The truth is that I am changing all the time and so is my wife. So we keep learning and adapting and forgiving each other because we are committed to communicating in a healthy way. The Bible says:
For we all make many mistakes, and if any one makes no mistakes in what he says he is a perfect man, able to bridle the whole body also. (James 3:2.)
The point being that communication is complex and the results can be very unpredictable. Nevertheless, you can get better at communicating with time, even if you never quite hit perfection.
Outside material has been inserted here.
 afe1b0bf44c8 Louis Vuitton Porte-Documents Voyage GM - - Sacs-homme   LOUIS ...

I trust that the principles in the rest of these articles will help you do just that.
3.) Constant Miscommunication Leads To Severe Consequences
I cannot count how many times my wife and I have said things to each other only to find out later that a miscommunication had occurred. Usually, these lead to hurtful and painful consequences. Sometimes they lead to tears or frustration or even anger.
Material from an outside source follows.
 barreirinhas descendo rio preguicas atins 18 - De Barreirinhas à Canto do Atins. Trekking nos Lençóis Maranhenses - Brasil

The reason for this is simple. Words are powerful. They can build and they can destroy. They can encourage and they can discourage. They can motivate and they can cripple. They have the power to heal or to wound.
That’s why you cannot afford to be careless with your words. The Bible put this truth like this:
The tongue is a small thing, but what enormous damage it can do. A tiny spark can set a great forest on fire. And the tongue is a flame of fire. It is full of wickedness that can ruin your whole life. It can turn the entire course of your life into a blazing flame of destruction, for it is set on fire by hell itself. People can tame all kinds of animals and birds and reptiles and fish, but no one can tame the tongue. It is an uncontrollable evil, full of deadly poison. Sometimes it praises our Lord and Father, and sometimes it breaks out into curses against those who have been made in the image of God. (James 3:5-9. NLT.)
Notice how the text describes the effect of the words we speak to each other: Enormous damage; set on fire; blazing flame of destruction; uncontrollable evil; and full of deadly poison.
In short, God is saying that this one area alone is strong enough to blow a hole the size of England in your marriage. Friends, this is serious.
A good person produces good words from a good heart, and an evil person produces evil words from an evil heart. And I tell you this, that you must give an account on judgment day of every idle word you speak. The words you say now reflect your fate then; either you will be justified by them or you will be condemned by them. (Matthew 12:35-37. NLT.)